Structural breaks can sometimes be a huge hassle to deal with when you are trying to investigate the long run relationship between the variables by running standard cointegration tests such as Engle-Granger or the standard Johansen test.

Now, when the structural breaks are present, one solution is the residual-based cointegration test proposed by Gregory and Hansen (1996). The relevant R programs and example can be found on website of Bruce E. Hansen by clicking here. Note that p is number of variables and r is number of cointegrating rank being tested

The test proposed by Johansen et al. (2000) appears to be another solution. The relevant R program for computing the critical values can be found at Dave Giles’ website here. (In the program, remember to set the correct breakpoint proportion and the value of q!!)

To do the Johansen et al. (2000) test, it can be decomposed into the following steps:

Step1: Identify the structural breaks.

Step2: incorporate the date dummy (D2), trend*dummy interaction term(D2*@trend), as well as the shift indicator dummy(I2) as exogenous variables into the original VAR. In Dave Giles example, the variables he adds are D2(-2), I2(-1), trend*D2(-2), and I2.
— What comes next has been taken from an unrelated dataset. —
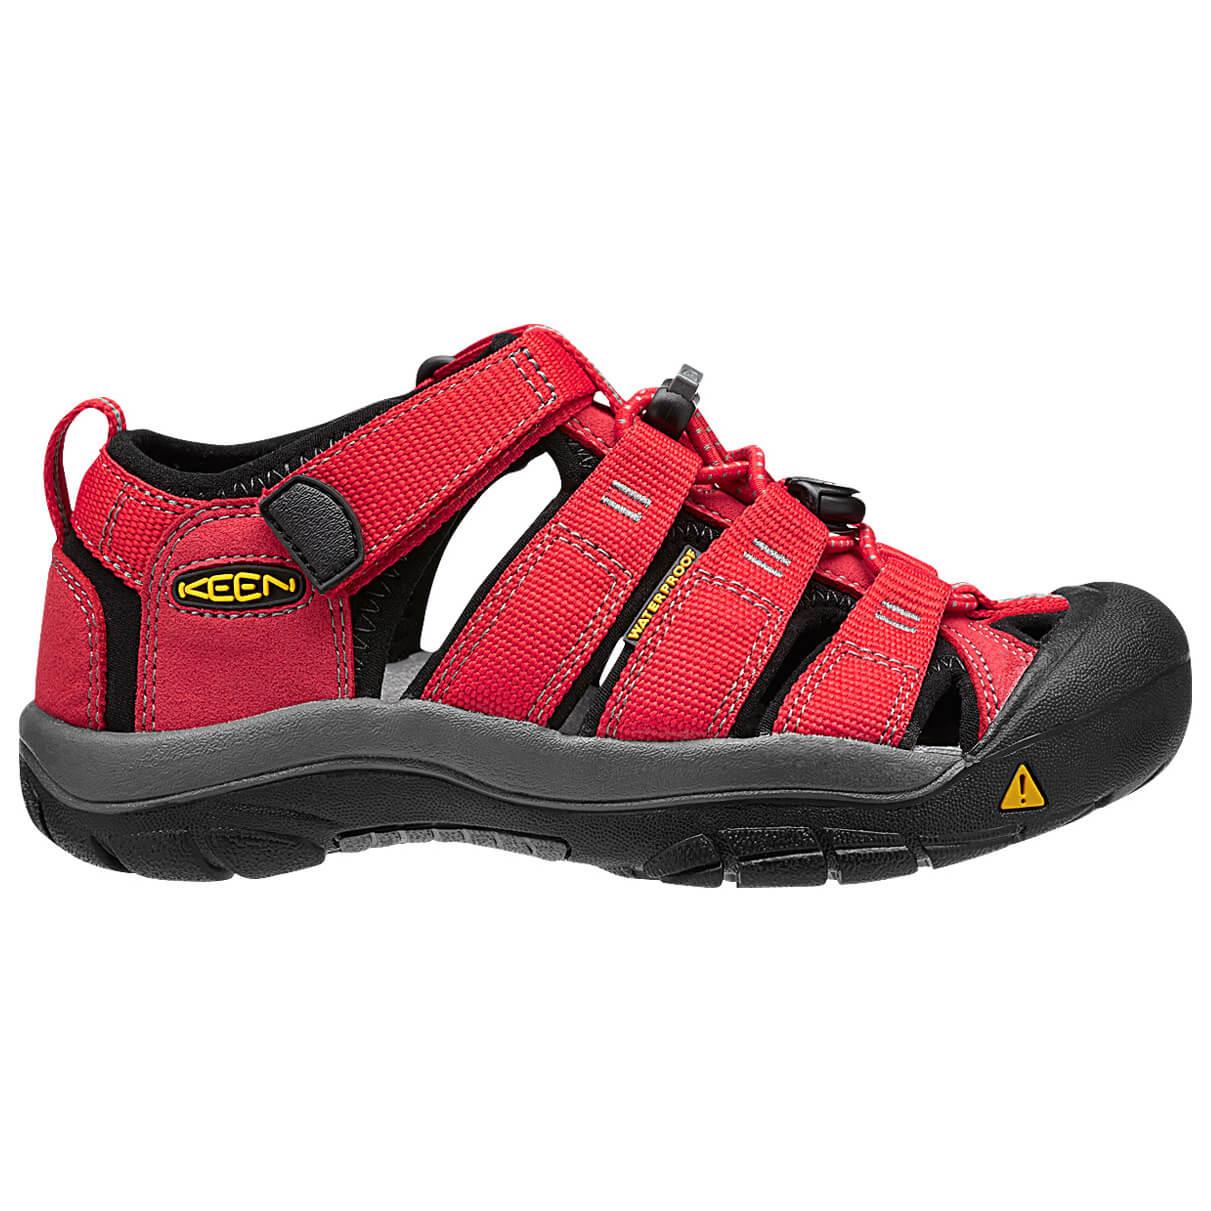 e60f914b5c3486 Keen Youth Newport H2 - Sandals Kids

step 3: construct the usual Johansen trace statistics

(How to calculate the trace statistics? See this paper here )

The asymptotic critical values depend on the proportion of the way through the sample that the break occurs (λ = 0.44 in our case); and on (*p* – *r*), where *p* is the number of variables under test *p* = 2, here), and *r* is the cointegrating rank being tested. So, for us,* r* = 0, 1. Unlike Gregory-Hansen (1996) test, the Johansen et al. (2000) test can be modified to allow for two structural breaks.

I downloaded the EViews workfile, which is available here

Now Time for some sleep before tomorrow’s work….Zzzzzzz